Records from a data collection
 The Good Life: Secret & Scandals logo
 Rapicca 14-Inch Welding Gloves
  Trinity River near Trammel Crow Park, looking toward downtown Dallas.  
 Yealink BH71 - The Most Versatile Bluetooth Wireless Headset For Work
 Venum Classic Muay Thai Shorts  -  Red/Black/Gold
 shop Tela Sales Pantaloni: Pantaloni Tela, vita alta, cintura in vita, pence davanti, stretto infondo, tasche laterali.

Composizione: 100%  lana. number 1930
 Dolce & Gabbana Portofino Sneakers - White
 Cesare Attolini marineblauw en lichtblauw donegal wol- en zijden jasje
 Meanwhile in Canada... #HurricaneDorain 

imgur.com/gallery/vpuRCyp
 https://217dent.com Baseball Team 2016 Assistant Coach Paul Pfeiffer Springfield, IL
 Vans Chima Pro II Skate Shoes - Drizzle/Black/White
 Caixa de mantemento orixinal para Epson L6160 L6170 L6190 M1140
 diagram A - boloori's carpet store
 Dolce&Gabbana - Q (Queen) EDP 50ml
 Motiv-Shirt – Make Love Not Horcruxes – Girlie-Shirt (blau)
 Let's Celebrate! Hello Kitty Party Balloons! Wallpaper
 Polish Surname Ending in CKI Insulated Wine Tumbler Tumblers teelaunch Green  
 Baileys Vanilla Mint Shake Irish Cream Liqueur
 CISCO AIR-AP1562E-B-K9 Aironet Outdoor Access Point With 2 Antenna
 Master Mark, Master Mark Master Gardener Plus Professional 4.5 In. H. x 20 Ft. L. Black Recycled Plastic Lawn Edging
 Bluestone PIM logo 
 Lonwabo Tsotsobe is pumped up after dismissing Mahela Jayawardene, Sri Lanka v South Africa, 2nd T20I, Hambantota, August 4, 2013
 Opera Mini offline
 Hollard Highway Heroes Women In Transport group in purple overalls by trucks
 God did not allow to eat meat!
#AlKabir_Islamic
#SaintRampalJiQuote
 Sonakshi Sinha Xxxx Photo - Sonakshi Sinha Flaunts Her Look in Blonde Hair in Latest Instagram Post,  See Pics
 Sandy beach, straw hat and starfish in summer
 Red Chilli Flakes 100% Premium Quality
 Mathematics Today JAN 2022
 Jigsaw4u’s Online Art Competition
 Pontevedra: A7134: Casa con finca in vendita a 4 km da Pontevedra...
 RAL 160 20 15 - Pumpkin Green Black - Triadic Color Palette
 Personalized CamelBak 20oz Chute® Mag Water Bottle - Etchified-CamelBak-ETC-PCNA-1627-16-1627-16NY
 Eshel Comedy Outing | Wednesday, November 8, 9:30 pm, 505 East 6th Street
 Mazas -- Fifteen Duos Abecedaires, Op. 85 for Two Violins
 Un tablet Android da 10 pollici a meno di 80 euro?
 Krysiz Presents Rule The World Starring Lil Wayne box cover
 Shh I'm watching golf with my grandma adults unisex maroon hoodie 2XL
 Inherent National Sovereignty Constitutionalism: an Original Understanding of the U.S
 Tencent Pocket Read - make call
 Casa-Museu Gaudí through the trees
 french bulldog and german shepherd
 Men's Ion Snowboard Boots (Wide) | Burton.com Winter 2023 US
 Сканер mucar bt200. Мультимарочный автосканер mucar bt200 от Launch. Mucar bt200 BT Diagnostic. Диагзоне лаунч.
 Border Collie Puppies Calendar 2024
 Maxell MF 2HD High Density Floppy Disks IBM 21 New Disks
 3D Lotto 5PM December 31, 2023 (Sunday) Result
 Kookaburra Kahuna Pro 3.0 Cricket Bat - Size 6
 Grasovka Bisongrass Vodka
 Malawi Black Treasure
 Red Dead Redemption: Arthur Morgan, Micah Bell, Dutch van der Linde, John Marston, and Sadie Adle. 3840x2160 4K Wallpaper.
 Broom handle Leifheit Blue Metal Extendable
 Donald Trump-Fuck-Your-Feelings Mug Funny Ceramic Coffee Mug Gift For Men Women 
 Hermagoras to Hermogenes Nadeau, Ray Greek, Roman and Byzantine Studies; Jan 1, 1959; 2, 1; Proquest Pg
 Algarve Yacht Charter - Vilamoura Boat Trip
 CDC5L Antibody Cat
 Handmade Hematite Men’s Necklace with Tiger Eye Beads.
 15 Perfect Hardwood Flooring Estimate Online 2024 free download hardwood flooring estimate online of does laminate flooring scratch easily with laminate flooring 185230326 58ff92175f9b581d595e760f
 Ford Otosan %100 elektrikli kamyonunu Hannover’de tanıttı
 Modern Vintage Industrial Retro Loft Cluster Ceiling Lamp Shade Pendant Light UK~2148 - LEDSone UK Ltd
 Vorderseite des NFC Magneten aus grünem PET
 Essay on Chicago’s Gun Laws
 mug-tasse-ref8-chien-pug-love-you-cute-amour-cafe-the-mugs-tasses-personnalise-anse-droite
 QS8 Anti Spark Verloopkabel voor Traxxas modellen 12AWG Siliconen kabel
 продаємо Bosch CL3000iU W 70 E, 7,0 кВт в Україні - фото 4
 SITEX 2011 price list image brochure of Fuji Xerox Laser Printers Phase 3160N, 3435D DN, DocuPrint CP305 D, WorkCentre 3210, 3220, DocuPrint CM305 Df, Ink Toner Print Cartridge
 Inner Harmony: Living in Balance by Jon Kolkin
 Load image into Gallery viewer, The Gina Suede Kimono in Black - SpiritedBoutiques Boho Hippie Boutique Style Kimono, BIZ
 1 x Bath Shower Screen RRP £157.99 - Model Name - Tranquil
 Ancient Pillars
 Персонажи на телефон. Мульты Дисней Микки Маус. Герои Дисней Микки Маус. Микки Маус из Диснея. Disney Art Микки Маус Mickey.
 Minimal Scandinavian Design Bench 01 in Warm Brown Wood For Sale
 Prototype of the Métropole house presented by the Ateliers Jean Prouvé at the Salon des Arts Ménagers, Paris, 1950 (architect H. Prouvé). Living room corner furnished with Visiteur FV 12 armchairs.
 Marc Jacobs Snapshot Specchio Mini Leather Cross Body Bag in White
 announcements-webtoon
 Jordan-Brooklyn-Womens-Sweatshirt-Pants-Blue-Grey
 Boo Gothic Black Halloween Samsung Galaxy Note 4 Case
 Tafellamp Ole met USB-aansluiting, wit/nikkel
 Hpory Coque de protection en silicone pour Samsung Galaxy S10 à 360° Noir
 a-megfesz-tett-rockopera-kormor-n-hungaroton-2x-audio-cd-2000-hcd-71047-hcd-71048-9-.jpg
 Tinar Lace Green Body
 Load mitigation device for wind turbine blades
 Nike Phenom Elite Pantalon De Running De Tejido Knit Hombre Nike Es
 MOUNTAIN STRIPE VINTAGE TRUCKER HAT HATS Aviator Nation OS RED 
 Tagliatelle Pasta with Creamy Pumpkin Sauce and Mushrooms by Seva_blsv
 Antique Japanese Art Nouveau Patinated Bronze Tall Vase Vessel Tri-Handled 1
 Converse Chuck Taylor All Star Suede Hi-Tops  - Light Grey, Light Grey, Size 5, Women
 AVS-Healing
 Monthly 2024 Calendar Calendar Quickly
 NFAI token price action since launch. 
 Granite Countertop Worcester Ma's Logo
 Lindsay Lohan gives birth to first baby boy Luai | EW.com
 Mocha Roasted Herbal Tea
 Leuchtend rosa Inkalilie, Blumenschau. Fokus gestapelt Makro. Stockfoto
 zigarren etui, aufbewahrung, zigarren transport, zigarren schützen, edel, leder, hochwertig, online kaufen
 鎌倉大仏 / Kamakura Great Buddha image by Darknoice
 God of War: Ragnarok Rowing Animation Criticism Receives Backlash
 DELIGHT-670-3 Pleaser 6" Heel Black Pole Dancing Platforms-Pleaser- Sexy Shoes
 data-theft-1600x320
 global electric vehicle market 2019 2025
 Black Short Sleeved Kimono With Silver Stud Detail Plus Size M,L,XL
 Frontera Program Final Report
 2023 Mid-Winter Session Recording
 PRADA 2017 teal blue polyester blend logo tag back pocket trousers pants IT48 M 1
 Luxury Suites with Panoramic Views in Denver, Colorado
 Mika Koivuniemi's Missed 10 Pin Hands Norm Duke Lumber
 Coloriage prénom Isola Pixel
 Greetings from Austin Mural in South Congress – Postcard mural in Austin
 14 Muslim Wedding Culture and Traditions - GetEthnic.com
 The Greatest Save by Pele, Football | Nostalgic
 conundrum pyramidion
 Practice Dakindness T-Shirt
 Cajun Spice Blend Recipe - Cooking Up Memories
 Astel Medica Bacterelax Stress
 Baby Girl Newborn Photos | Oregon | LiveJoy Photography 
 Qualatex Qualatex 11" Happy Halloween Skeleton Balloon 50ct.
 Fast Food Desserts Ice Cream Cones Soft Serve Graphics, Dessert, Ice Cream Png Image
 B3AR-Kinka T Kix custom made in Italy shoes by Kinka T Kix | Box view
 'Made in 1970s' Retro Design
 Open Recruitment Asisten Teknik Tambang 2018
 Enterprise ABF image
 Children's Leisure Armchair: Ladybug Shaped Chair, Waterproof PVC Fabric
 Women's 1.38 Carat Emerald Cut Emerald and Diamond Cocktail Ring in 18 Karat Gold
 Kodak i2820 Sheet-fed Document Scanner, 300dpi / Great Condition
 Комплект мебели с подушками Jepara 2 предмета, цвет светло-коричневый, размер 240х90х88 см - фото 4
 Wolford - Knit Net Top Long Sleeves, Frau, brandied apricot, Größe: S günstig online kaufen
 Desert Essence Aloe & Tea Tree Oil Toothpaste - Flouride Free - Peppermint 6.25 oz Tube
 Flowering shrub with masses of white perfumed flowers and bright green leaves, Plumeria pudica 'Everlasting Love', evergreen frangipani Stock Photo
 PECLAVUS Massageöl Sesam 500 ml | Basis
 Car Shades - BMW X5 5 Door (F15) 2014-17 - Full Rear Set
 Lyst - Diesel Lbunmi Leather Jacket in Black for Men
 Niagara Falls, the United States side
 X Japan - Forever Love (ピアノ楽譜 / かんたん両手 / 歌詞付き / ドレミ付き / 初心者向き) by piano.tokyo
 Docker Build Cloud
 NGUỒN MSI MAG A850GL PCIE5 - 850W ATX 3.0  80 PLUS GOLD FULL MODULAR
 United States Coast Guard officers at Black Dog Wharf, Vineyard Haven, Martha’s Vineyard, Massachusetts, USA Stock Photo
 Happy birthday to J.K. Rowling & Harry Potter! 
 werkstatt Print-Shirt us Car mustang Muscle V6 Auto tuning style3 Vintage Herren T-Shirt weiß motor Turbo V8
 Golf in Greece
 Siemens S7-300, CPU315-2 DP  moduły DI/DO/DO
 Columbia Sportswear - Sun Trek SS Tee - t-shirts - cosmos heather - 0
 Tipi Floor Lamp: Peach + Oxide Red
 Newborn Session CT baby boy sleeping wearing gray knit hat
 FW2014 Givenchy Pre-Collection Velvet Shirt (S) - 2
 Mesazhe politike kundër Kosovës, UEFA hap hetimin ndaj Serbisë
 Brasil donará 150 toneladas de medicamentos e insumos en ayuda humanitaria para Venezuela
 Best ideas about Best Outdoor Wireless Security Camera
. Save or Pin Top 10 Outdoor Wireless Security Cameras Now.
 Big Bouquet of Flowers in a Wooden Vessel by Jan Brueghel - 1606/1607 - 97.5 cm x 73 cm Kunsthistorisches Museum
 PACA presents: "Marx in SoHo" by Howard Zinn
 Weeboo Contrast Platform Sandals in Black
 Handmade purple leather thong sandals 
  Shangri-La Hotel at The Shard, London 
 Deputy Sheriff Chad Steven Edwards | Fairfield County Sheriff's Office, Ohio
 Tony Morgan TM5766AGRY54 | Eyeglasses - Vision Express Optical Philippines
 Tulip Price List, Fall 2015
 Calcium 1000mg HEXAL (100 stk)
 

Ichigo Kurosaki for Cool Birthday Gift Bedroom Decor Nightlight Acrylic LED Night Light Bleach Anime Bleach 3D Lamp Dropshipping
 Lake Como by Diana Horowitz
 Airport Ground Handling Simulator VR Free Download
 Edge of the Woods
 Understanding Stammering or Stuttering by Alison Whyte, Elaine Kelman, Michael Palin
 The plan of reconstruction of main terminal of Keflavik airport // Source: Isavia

# PROBLEM DESCRIPTION
Take the lines above from the first through the one containing "lana. number 1930" and reproduce them exactly; include nothing else.

# REPLY
 The Good Life: Secret & Scandals logo
 Rapicca 14-Inch Welding Gloves
  Trinity River near Trammel Crow Park, looking toward downtown Dallas.  
 Yealink BH71 - The Most Versatile Bluetooth Wireless Headset For Work
 Venum Classic Muay Thai Shorts  -  Red/Black/Gold
 shop Tela Sales Pantaloni: Pantaloni Tela, vita alta, cintura in vita, pence davanti, stretto infondo, tasche laterali.

Composizione: 100%  lana. number 1930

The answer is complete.